Exercise description: When you reach the line in the data below that contains "Uncle Ben's Changes", please start repeating lines exactly, and stop after the line that contains "Mini Cereal Candles", repeating nothing else.

Provided records:
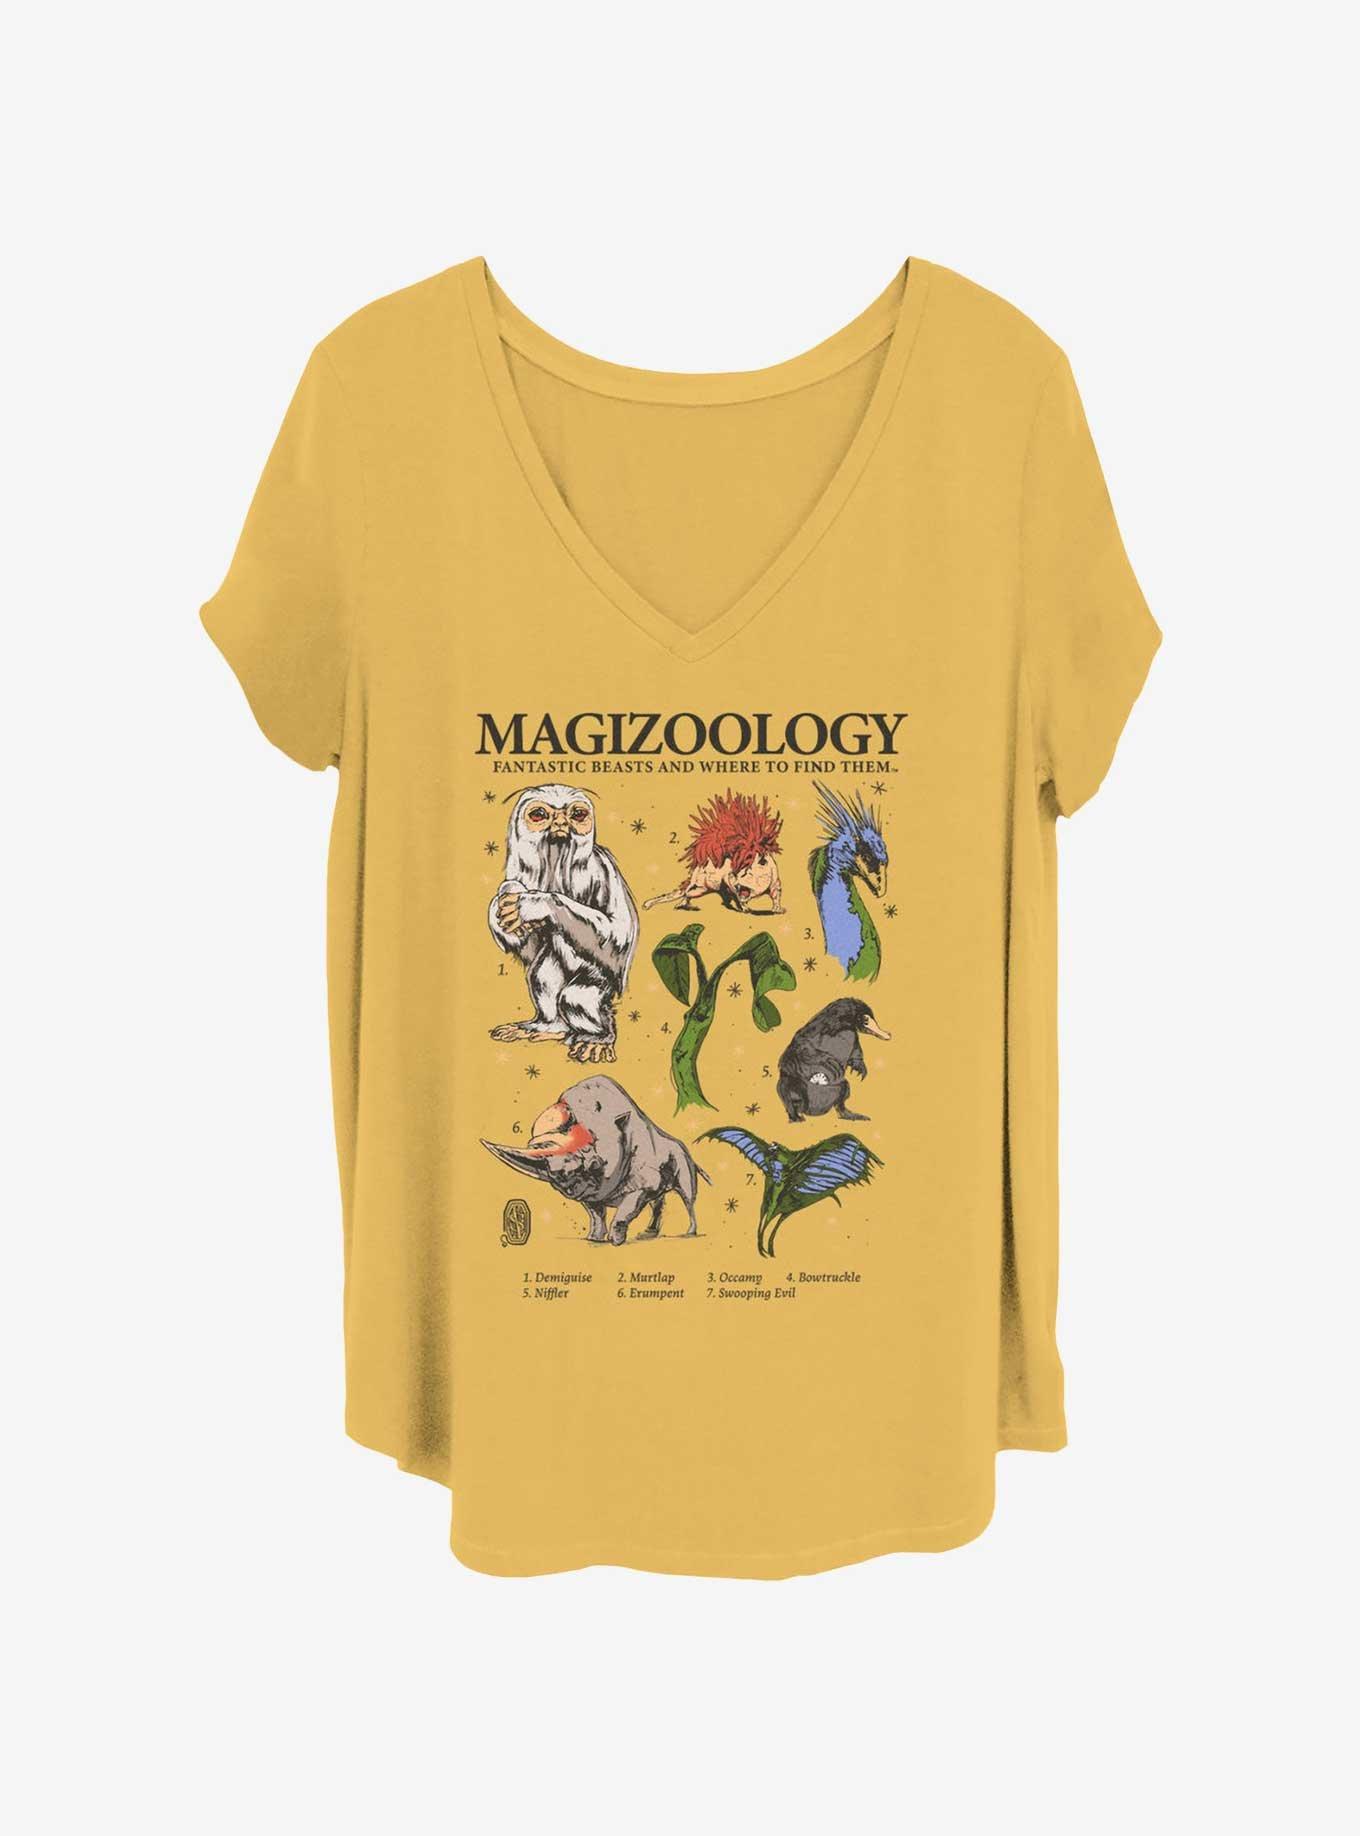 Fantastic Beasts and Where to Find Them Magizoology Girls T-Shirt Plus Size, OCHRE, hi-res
==
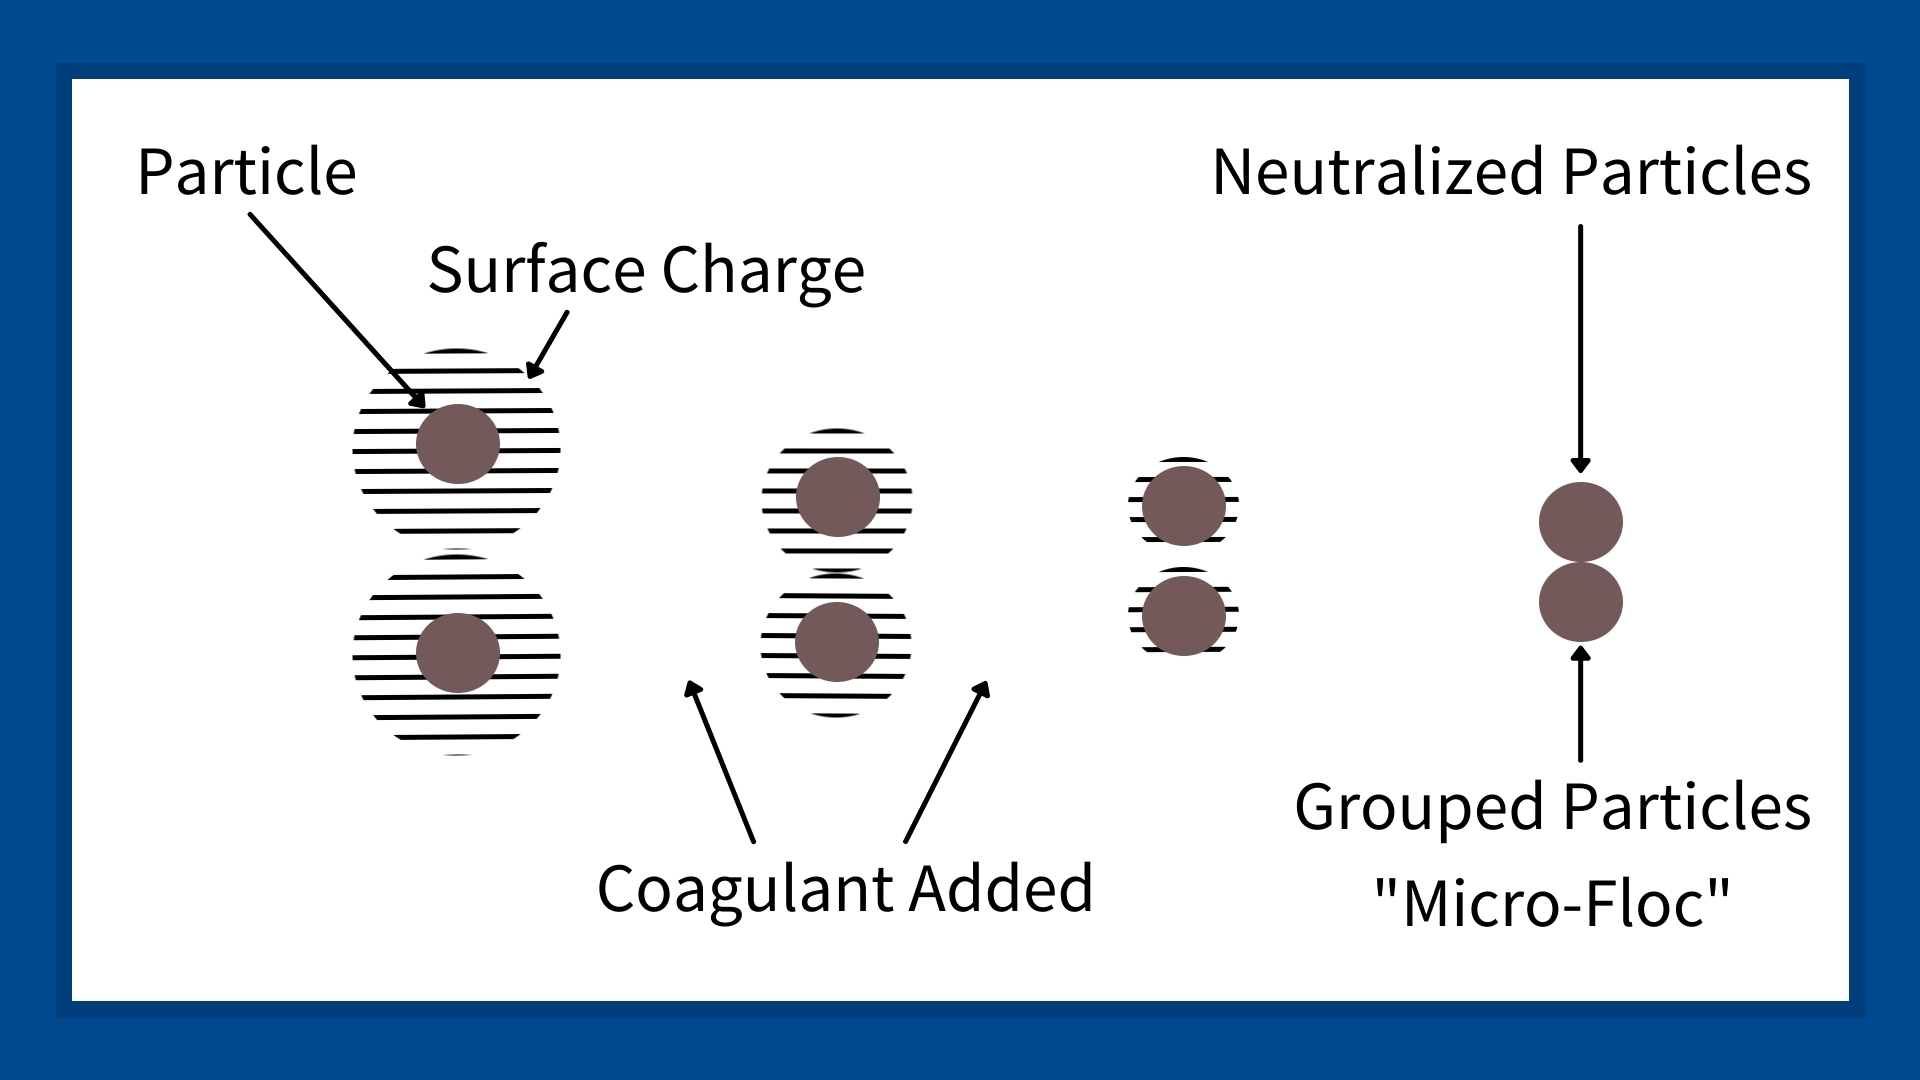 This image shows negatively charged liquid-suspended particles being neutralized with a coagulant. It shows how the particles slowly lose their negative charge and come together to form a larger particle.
...
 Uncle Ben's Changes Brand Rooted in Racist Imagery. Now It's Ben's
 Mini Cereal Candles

Output:
 Uncle Ben's Changes Brand Rooted in Racist Imagery. Now It's Ben's
 Mini Cereal Candles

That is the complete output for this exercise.